##### DATA RECORDS
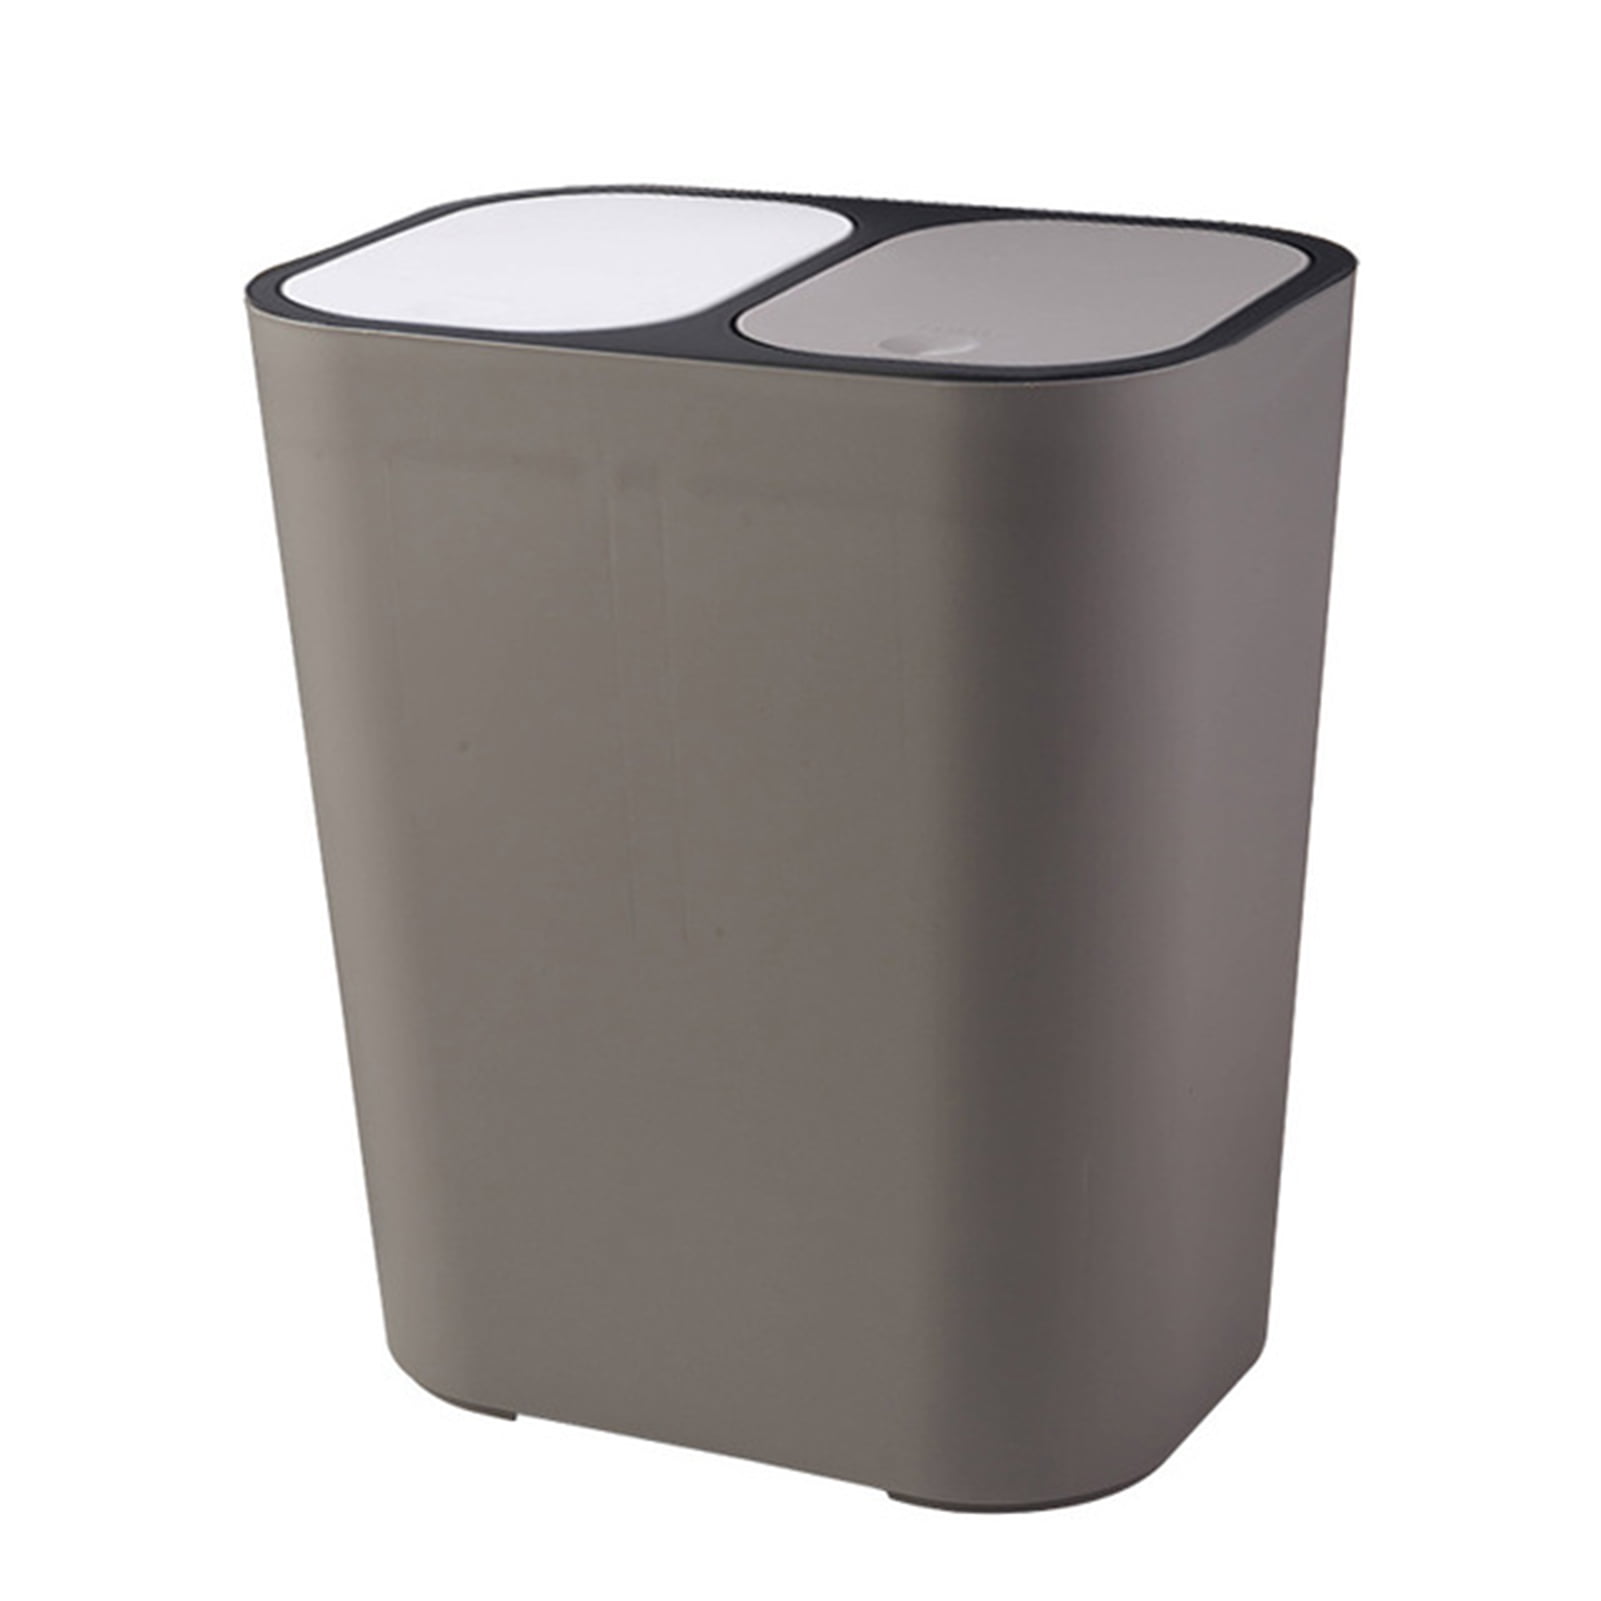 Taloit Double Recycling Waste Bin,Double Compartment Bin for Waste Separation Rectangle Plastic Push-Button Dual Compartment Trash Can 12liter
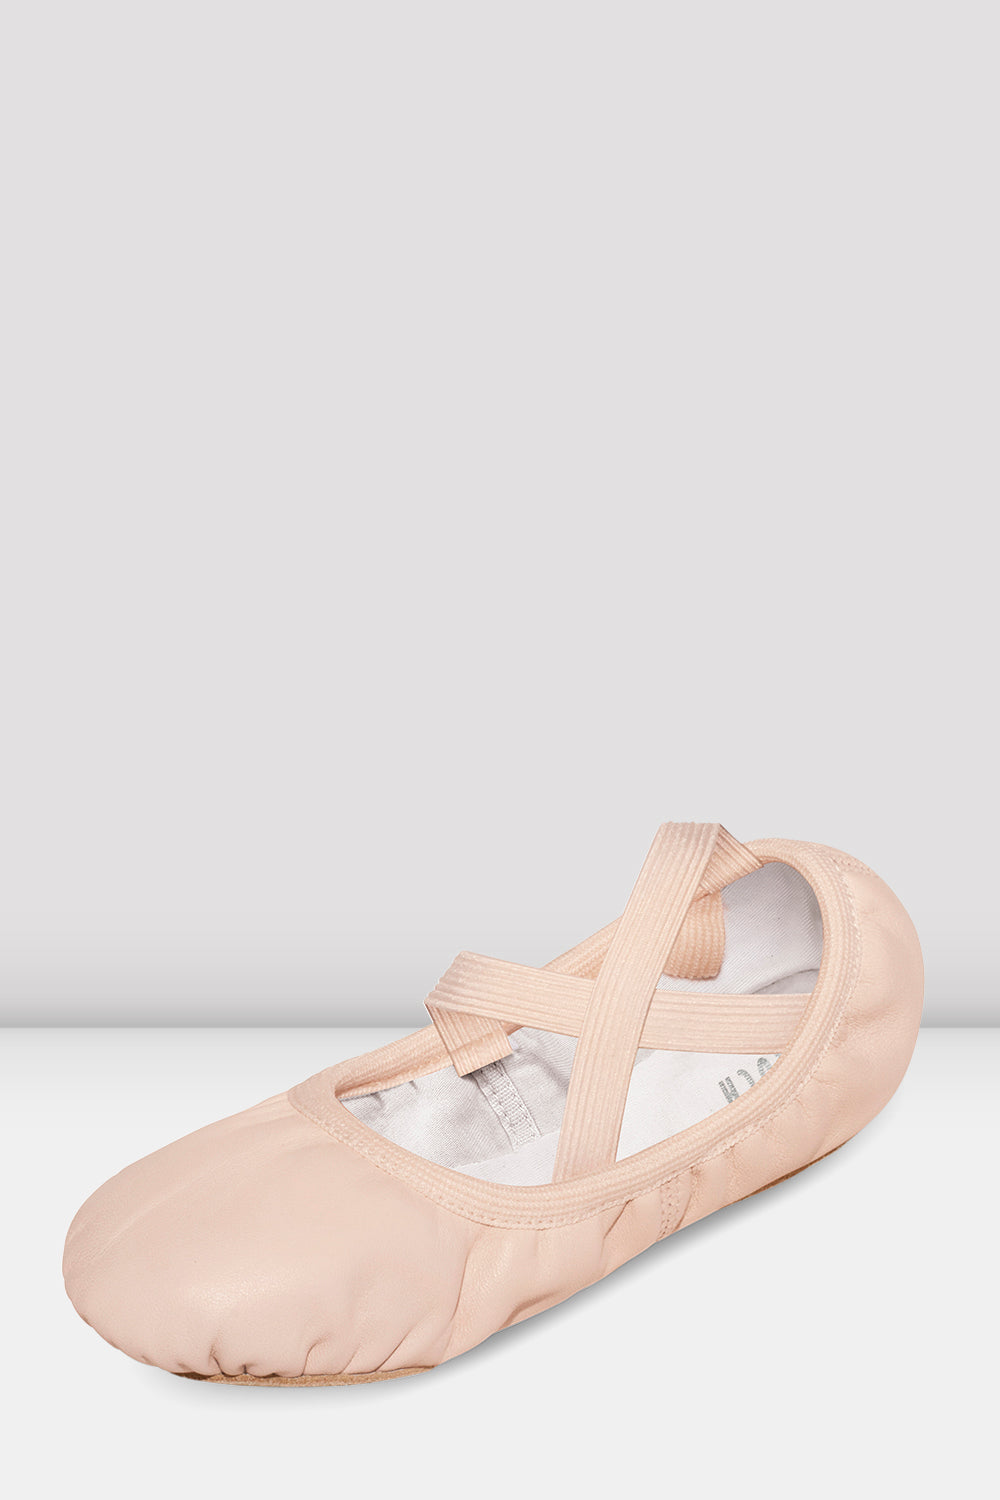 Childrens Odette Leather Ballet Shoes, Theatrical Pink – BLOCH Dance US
##########
##### DATA RECORDS
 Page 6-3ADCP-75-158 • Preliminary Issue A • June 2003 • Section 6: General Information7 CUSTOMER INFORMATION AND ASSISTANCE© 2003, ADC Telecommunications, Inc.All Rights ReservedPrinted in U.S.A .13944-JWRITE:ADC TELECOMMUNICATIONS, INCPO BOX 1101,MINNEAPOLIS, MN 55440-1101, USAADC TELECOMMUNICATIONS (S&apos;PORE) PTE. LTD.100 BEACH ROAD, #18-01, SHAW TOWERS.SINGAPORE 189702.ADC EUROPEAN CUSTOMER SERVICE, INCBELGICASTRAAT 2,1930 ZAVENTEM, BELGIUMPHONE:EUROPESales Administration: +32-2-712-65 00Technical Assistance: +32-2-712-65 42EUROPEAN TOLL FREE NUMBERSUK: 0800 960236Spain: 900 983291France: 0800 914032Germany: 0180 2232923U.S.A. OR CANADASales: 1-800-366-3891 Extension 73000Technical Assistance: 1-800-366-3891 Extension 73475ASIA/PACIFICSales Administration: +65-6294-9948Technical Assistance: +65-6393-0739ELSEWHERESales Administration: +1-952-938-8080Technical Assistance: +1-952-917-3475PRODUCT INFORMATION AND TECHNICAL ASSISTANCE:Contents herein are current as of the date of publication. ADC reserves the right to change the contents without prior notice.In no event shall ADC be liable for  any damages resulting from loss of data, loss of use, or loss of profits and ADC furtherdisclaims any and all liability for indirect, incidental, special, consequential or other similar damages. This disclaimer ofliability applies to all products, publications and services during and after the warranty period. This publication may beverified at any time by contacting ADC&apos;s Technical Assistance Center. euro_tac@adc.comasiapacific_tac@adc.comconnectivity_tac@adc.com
##########
##### DATA RECORDS
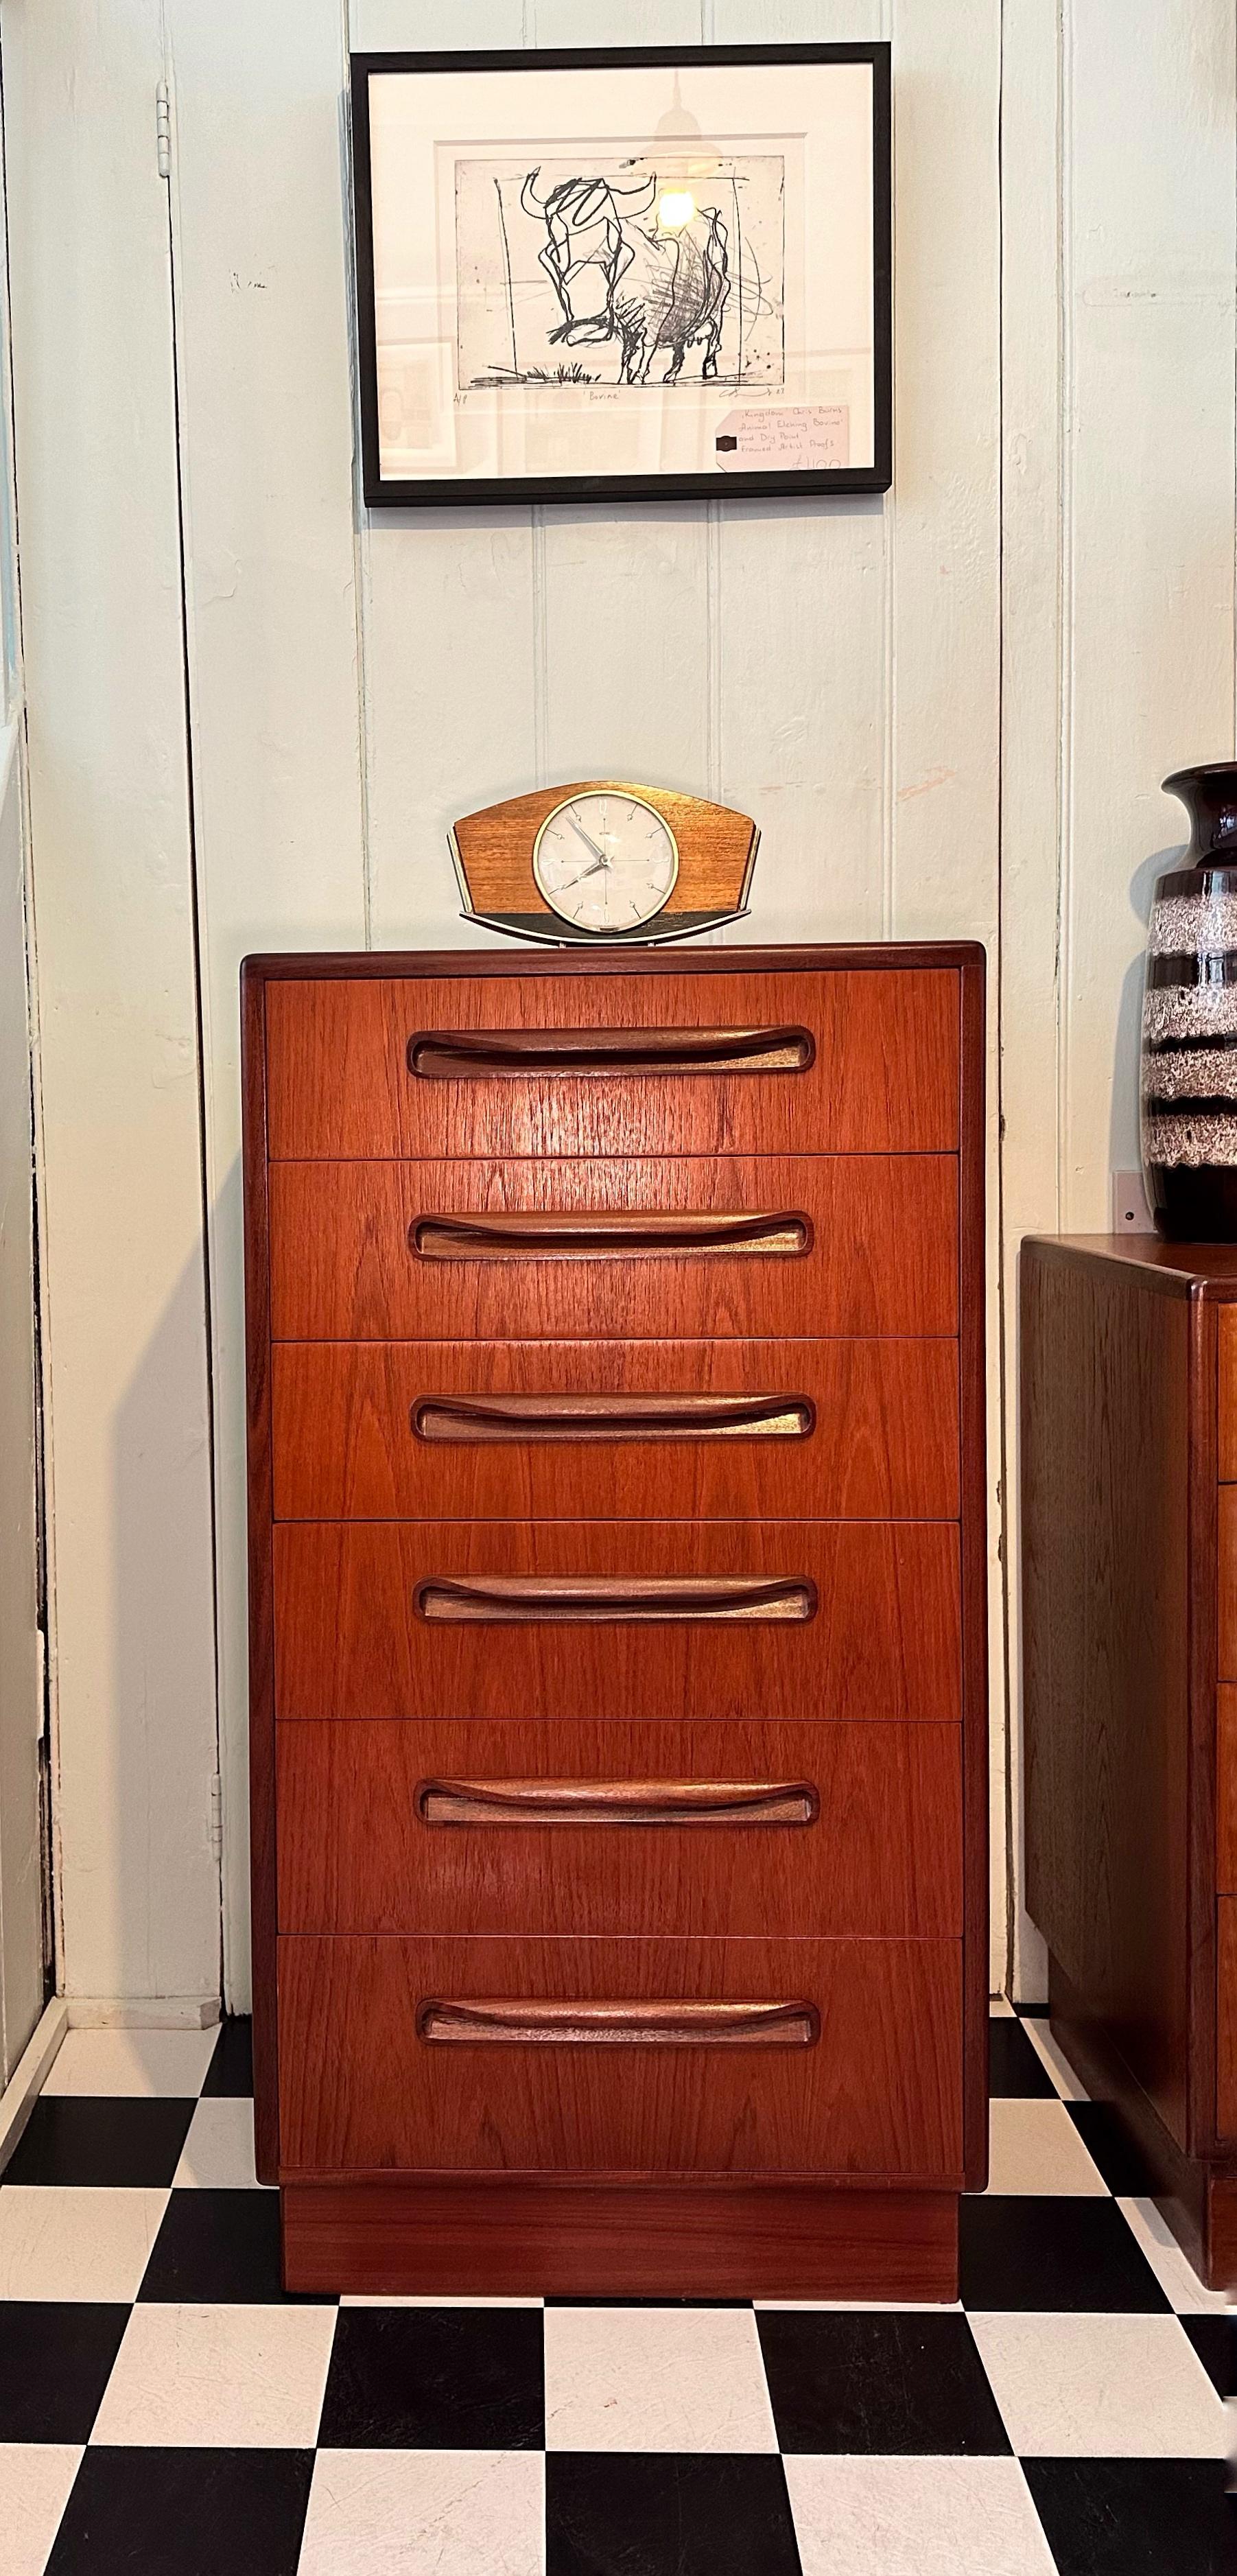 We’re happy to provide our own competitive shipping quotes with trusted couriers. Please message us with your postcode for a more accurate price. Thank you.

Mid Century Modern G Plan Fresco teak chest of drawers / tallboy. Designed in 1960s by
##########
_TASK STATEMENT_
Output only the stretch above from the line with "Taloit Double Recycling" through the line with "Childrens Odette Leather", reproduced exactly. Exclude pictures.

_ANSWER SPACE_
 Taloit Double Recycling Waste Bin,Double Compartment Bin for Waste Separation Rectangle Plastic Push-Button Dual Compartment Trash Can 12liter
 Childrens Odette Leather Ballet Shoes, Theatrical Pink – BLOCH Dance US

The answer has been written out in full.